I just looked at Phoronix benchmarks for pre- and post- the fix, the performance hit does not seem to be across the board, but applies to only some types of loads.

I'm starting to think it will seriously impact those large corporations with datacenters/farms but not nearly as much the regular users... Still, Intel is gonna bleed some significant cash.

 

[eidairaman1]

I just looked at Phoronix benchmarks for pre- and post- the fix, the performance hit does not seem to be across the board, but applies to only some types of loads.

I'm starting to think it will seriously impact those large corporations with datacenters/farms but not nearly as much the regular users... Still, Intel is gonna bleed some significant cash.

Since enterprise is their biggest payers compared to us "peons" yes it certainly will

 

[R0H1T]

I just looked at Phoronix benchmarks for pre- and post- the fix, the performance hit does not seem to be across the board, but applies to only some types of loads.

I'm starting to think it will seriously impact those large corporations with datacenters/farms but not nearly as much the regular users... Still, Intel is gonna bleed some significant cash.
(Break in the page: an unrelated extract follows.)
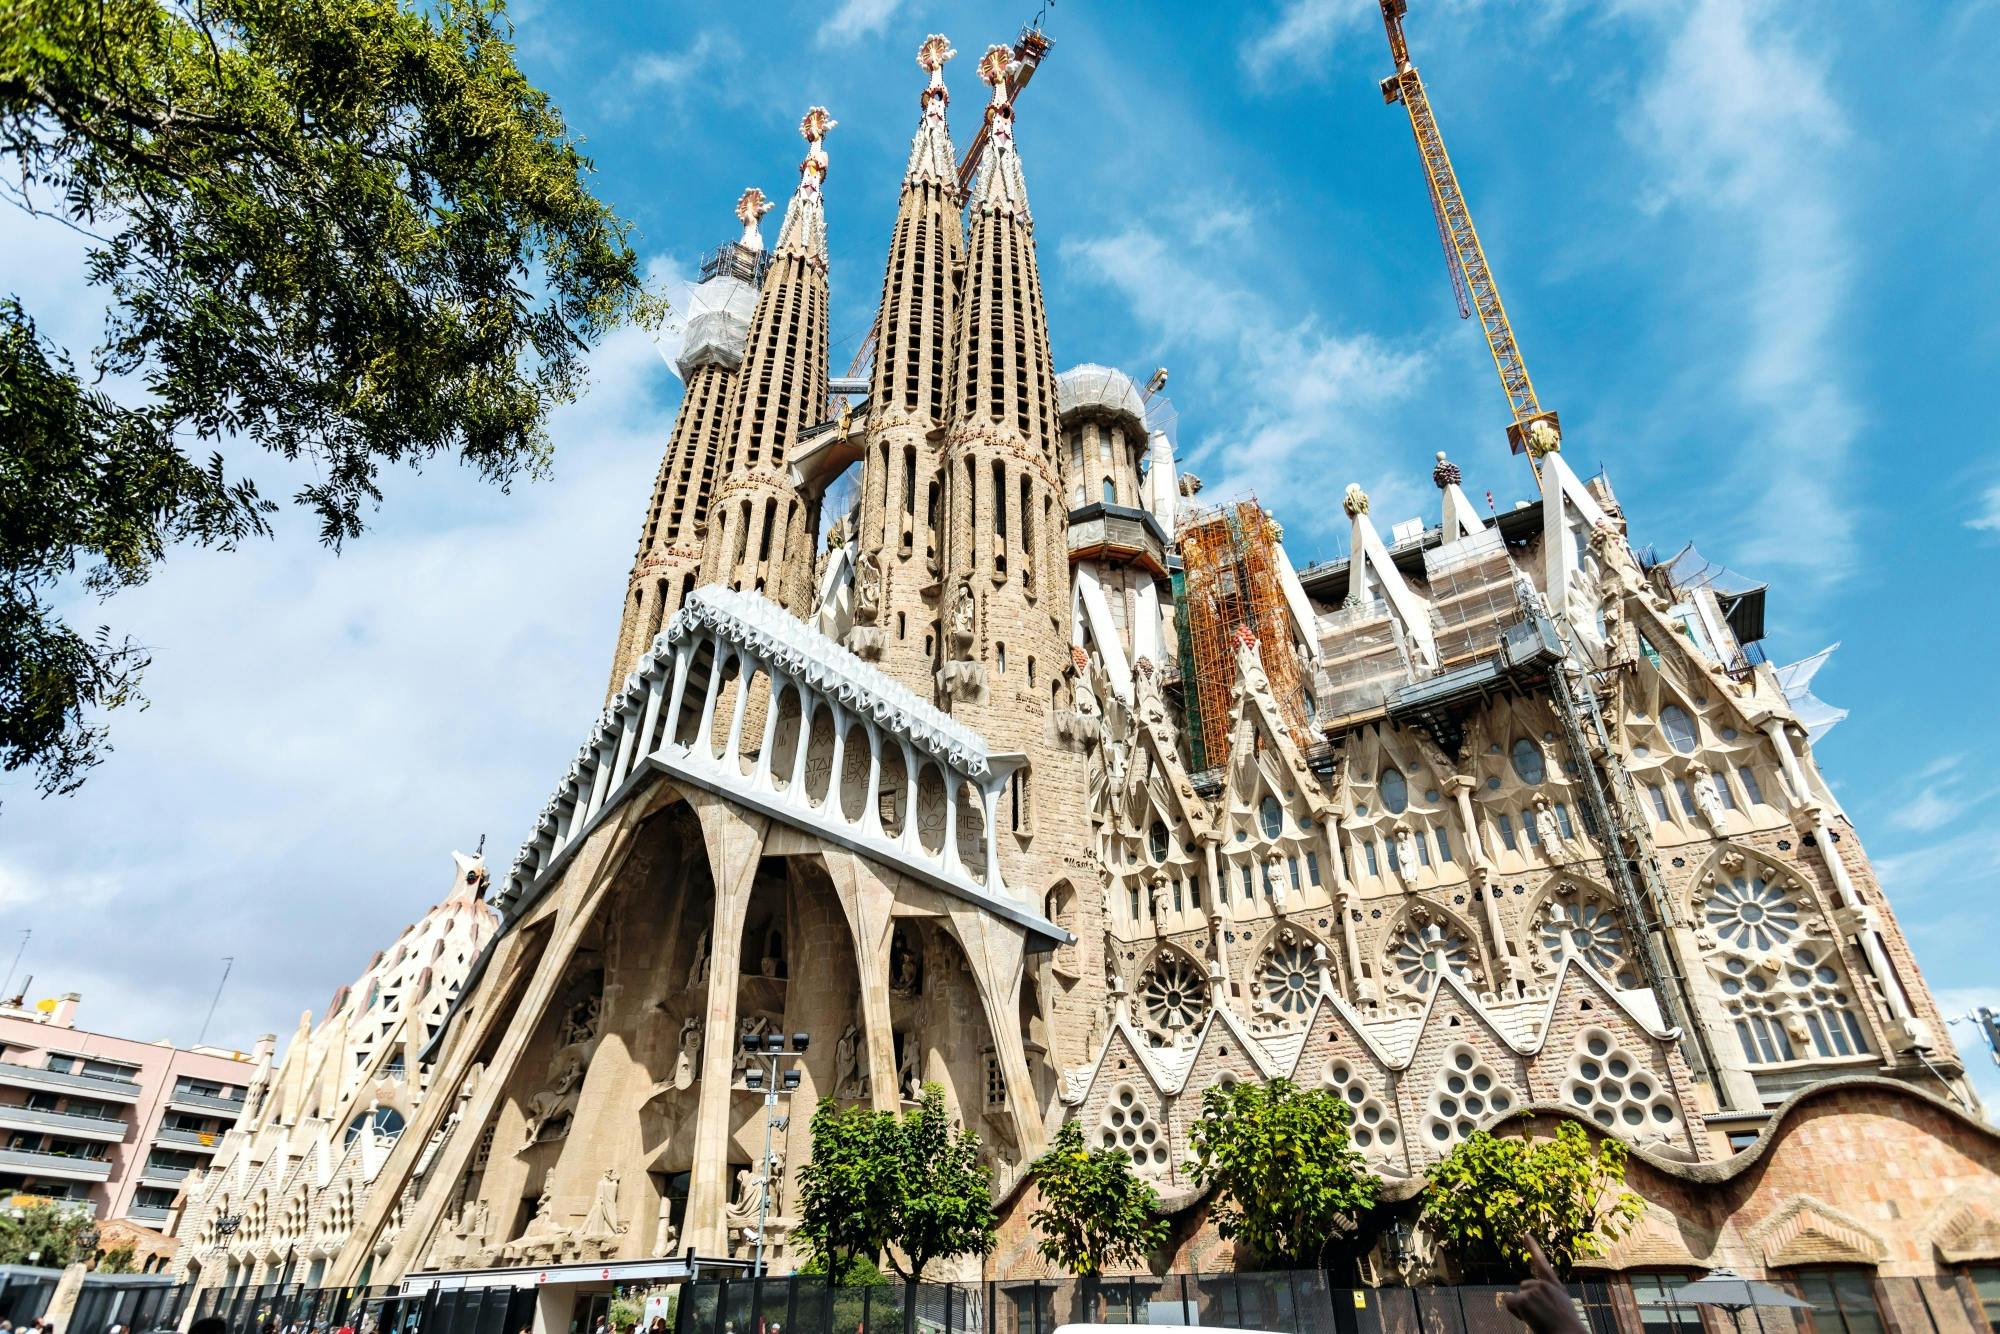 Sagrada Familian sisäänpääsyliput

The I/O numbers are heavily affected i.e. big for servers & every enterprise customer. What's not shown though is the extra CPU cycles, so the penalty could be higher in terms of perf/W or even absolute performance.

 

[thesmokingman]

Reading what's been written regarding speculation and Intel's executions cheating for lack of a better word, not waiting for security checks before executing code ie. accessing kernel memory from user mode, this is seriously not kosher. I also read this "feature" of their highly speculative execution is in their white papers. No wonder their chips are, er were so fast?

 

[R0H1T]

Reading what's been written regarding speculation and Intel's executions cheating for lack of a better word, not waiting for security checks before executing code ie. accessing kernel memory from user mode, this is seriously not kosher. I also read this "feature" of their highly speculative execution is in their white papers. No wonder their chips are, er were so fast?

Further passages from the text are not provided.